I use this method often. Not to avoid irritation and razor burn because I've never gotten that, but because sometimes I'm just lazy as hell and this is much faster and requires much less regular maintenance. Plus, my bedfellow prefers the short hairs to the sandpaper burn of stubble.


----------



## hillseeker

Is that why I cycle - to fit in with other leg baldies. My once hairy legs are now almost completely bald - this by some natural cause that I don't understand. Literally effortless.


----------



## Jean-Claude

Not sure about the shaving thing....how does your wives respond to it?(more specifically those that are not cyclist themselves)


----------



## briantcva

Jean-Claude said:


> Not sure about the shaving thing....how does your wives respond to it?(more specifically those that are not cyclist themselves)


Just ran into this. Wife didn't know it was a cycling thing.

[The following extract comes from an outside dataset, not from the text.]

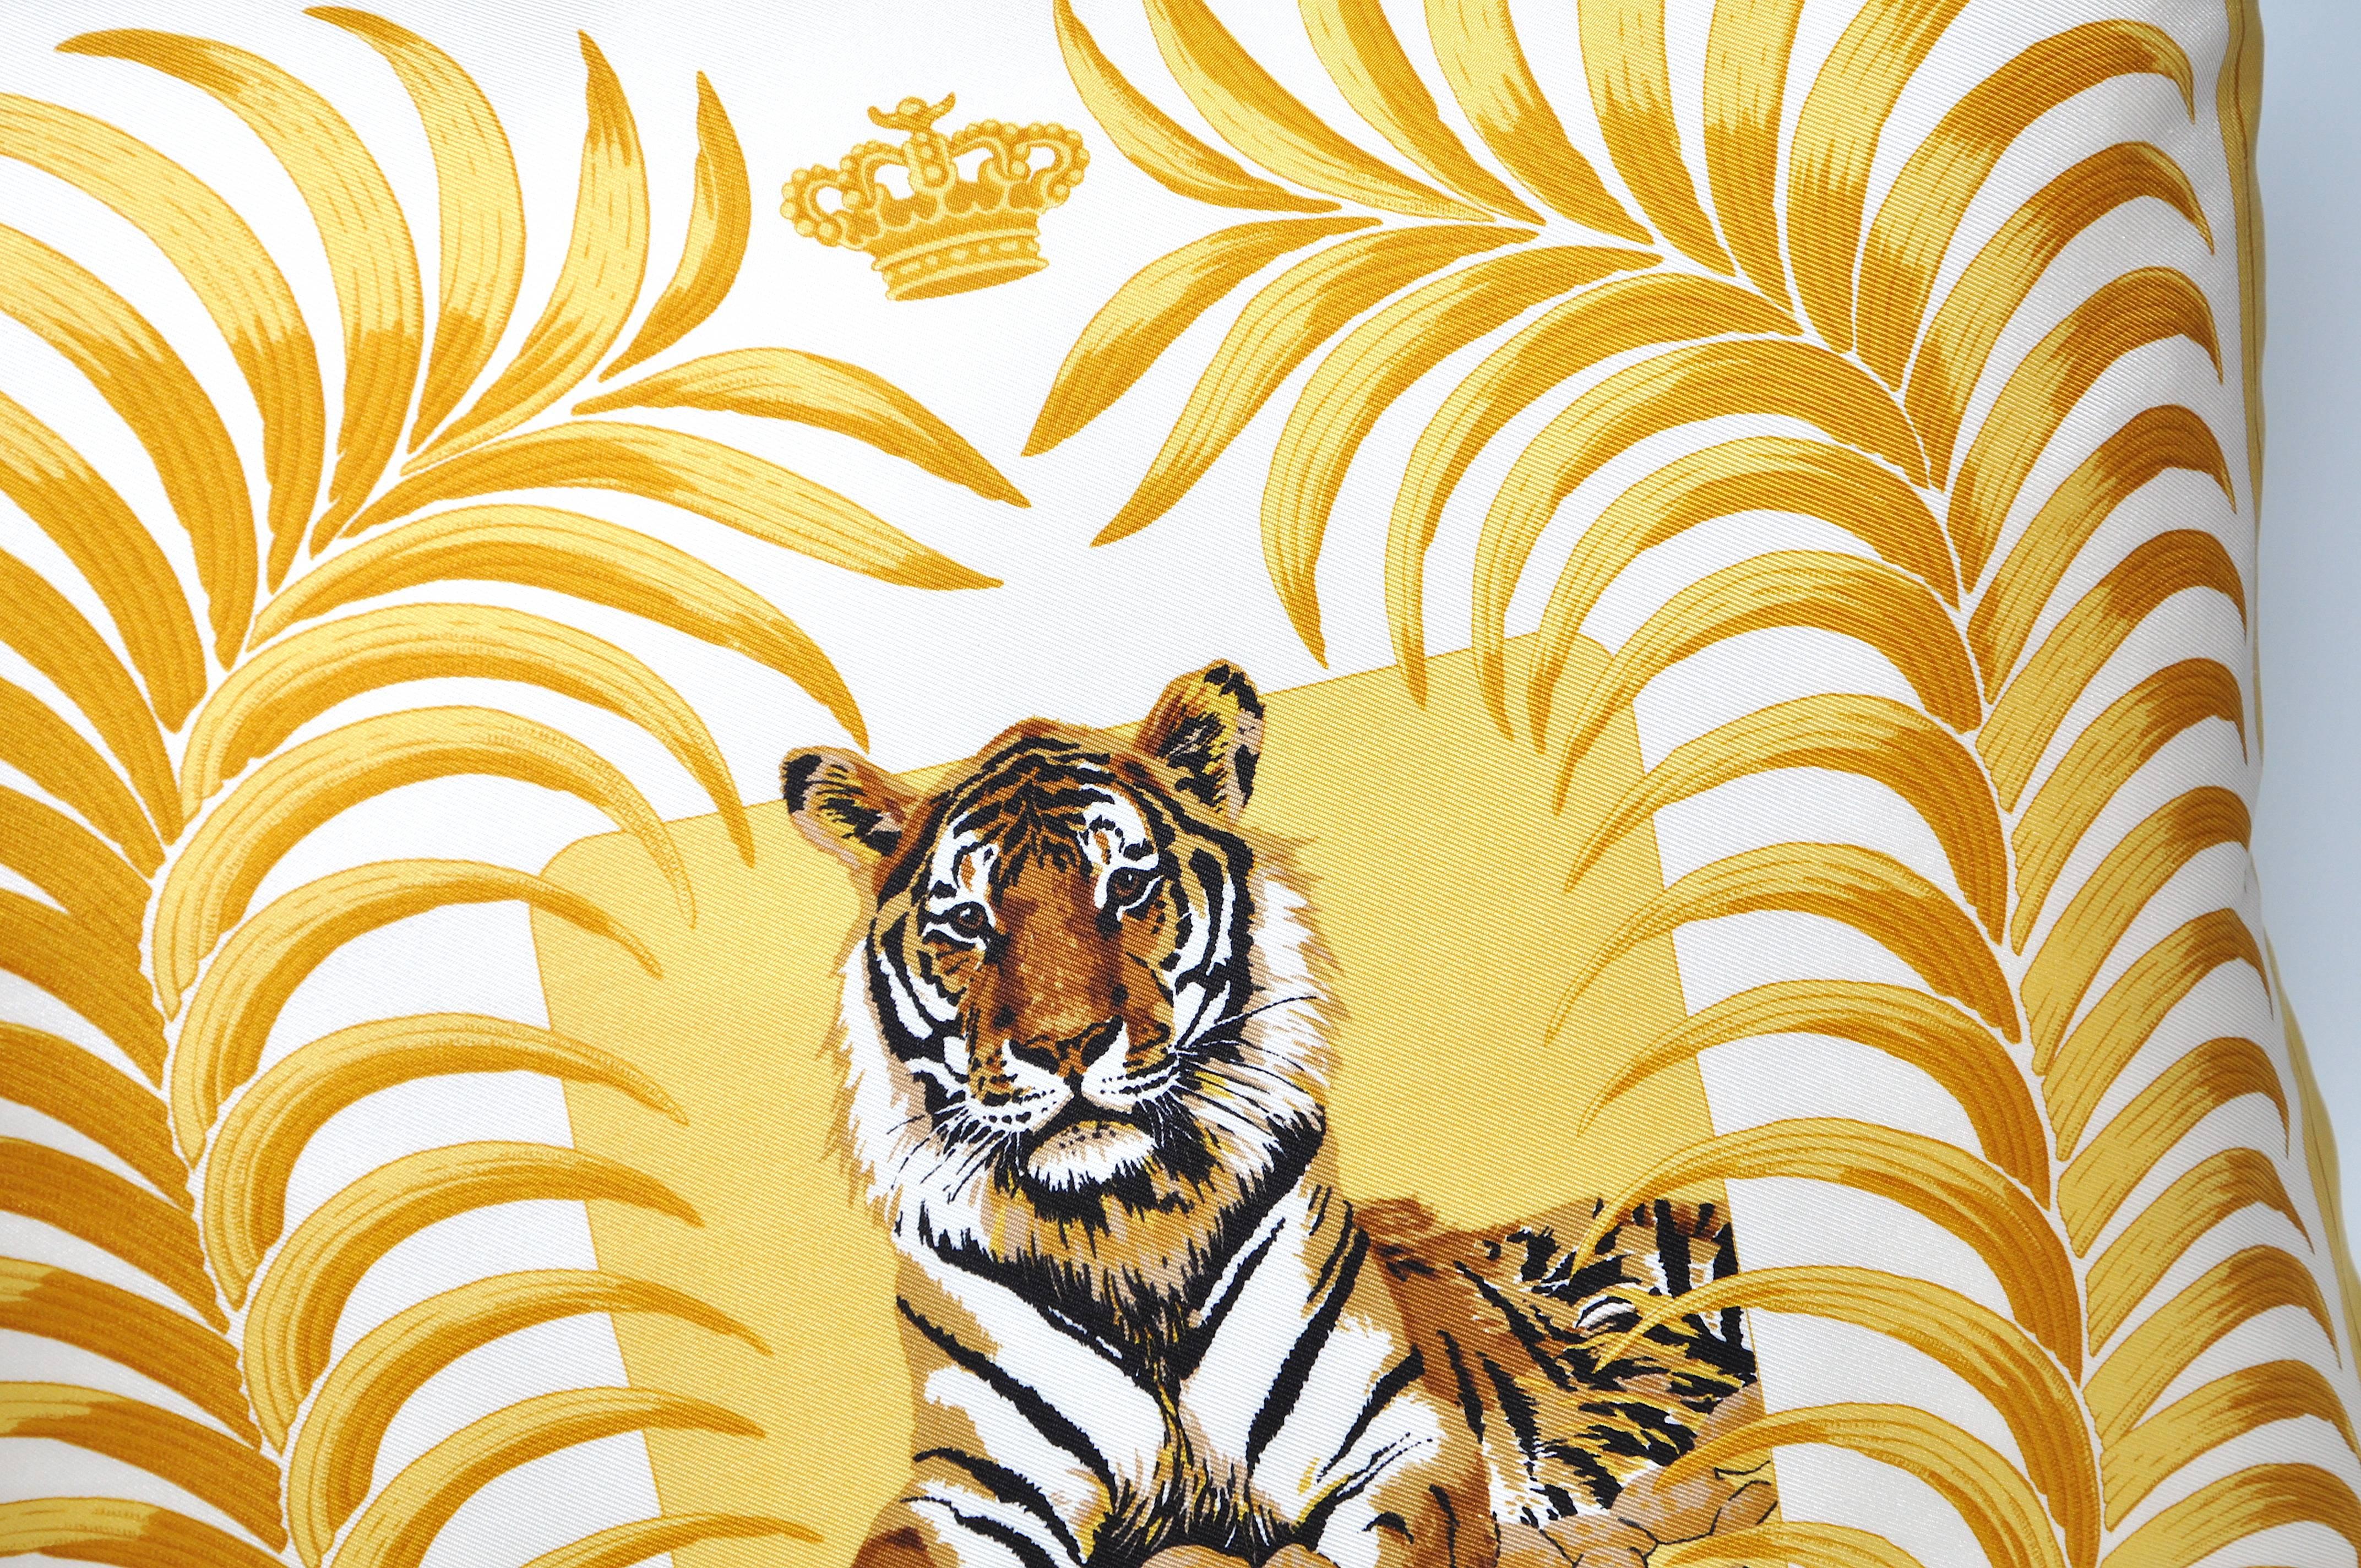 The ‘crème de la crème’ of scarves, this beauty is a one-of-a-kind custom-made luxury cushion (pillow) from an exquisite vintage silk Hermes fashion scarf featuring a seated tiger amongst a luscious wreath.

The French company began in 1837

Though I was experimenting. Had a fair bit of explaining to do. She did say they were sexy the other day. Of course she could have been mocking me.


----------



## Countchristo

I still can't bring myself to shave my legs yet but if (when) I do I now have all the facts


----------



## jagron11

Haven't shaved my legs in 15 years. Experimental thing in hs...just kidding, I was a swimmer. Once I start riding more, I will partake again. Great thread and tips. Wish I had this back then. Boy my shower was a bloody mess.


----------



## Cardinal16

do most guys who shave their legs enter races as well? it just seems almost a bit excessive to me if your not competing, but i guess it might just be a comfort thing? Although Ive never experienced problems before.


----------



## vertigho

I will likely fall victim to the ways of the cycling society. At this point I'm just training, but when I enter races, where my speed matters, I will trim the tree-trunks.


----------



## joegarrison

Hey guys, I need some help. I followed the guide to the T, and first trimmed my leg hair down as short as I could with clippers, then took a warm bath to relax and soften the hair. I used shaving cream and a 5 bladed schick hydro and shaved opposite the hair in medium-long strokes. I've been loofah-ing vigorously (but not too vigorously) every time I take a shower, which is 1-2 times a day and I use lotion when my legs are dry. I shaved last Thursday and have since been shaving every other day since I don't like the stubble.

However, I have a lot of ingrown hairs and irritated hair follicles on my mid/ upper thighs. I don't have any problems on the backs of my legs or calves/ shins though. I've been loofah-ing and moisturizing and the last couple days I started adding some anti-bacterial cream into the mix to prevent infection of the ingrown hairs, but they haven't gotten any better. They've actually gotten kind of worse. 

I'm thinking about starting to shave with the hair on my thighs, but continue shaving against the hair on my calves and see if that helps at all.

Any ideas?


----------



## ScottyP19

How would patting your legs dry make a difference?


----------



## rick56

from ricks' wife>wow i'm jealous:cryin:


----------



## Asuryan9

Never would of thot I would read a post about shaving so thoroughly, thanks, I think, hahaa


----------



## badbcky

funknuggets said:


> Step 2. Clearing the forest of the trees. Get your hedge trimmers, beard trimmer, head razor, etc and clear off all the long hair, most cyclists stop mid thigh, but some are horrified by the looks of "hair shorts" and go further up.


Hair shorts?

*dies*

Reb


----------



## alpharoad

Due to a broken femur operation and post physical therapy i'll remove my leg hair.
The massage will be more simple and efective.
Haven't decide wich process:
- shave
- cut with hair caliper
- hair removal


----------



## DrewQ1

Wow...ill keep the hairs on my legs, lol. This is interesting post though.


----------



## alpharoad

used the hair caliper and looks ok. 
Not ready yet for shaving.


----------



## Emdee406

*Half way there...*

After 26 seasons of snowboard teaching and wearing snowboard boots and thermals, my lower legs and the fronts of my thighs were pretty hair-free, so now I ride, I just "tidied" them up!


----------



## BrothersEmpire

I use a clear low-foaming gel to shave with. It means i can see what im doing. The King of Shaves brand have quite a few styles. Dont go the 'cooling' route, it has menthol in it and can actually have the opposite effect. I use the sensitive skin type, with aloe vera. Works a charm.


----------



## ctaborda

I had this conversation recently with a 260 overweight guy with shaved legs who was arguing about how you had to shave your legs to bike 20-30 miles and would make you get there faster...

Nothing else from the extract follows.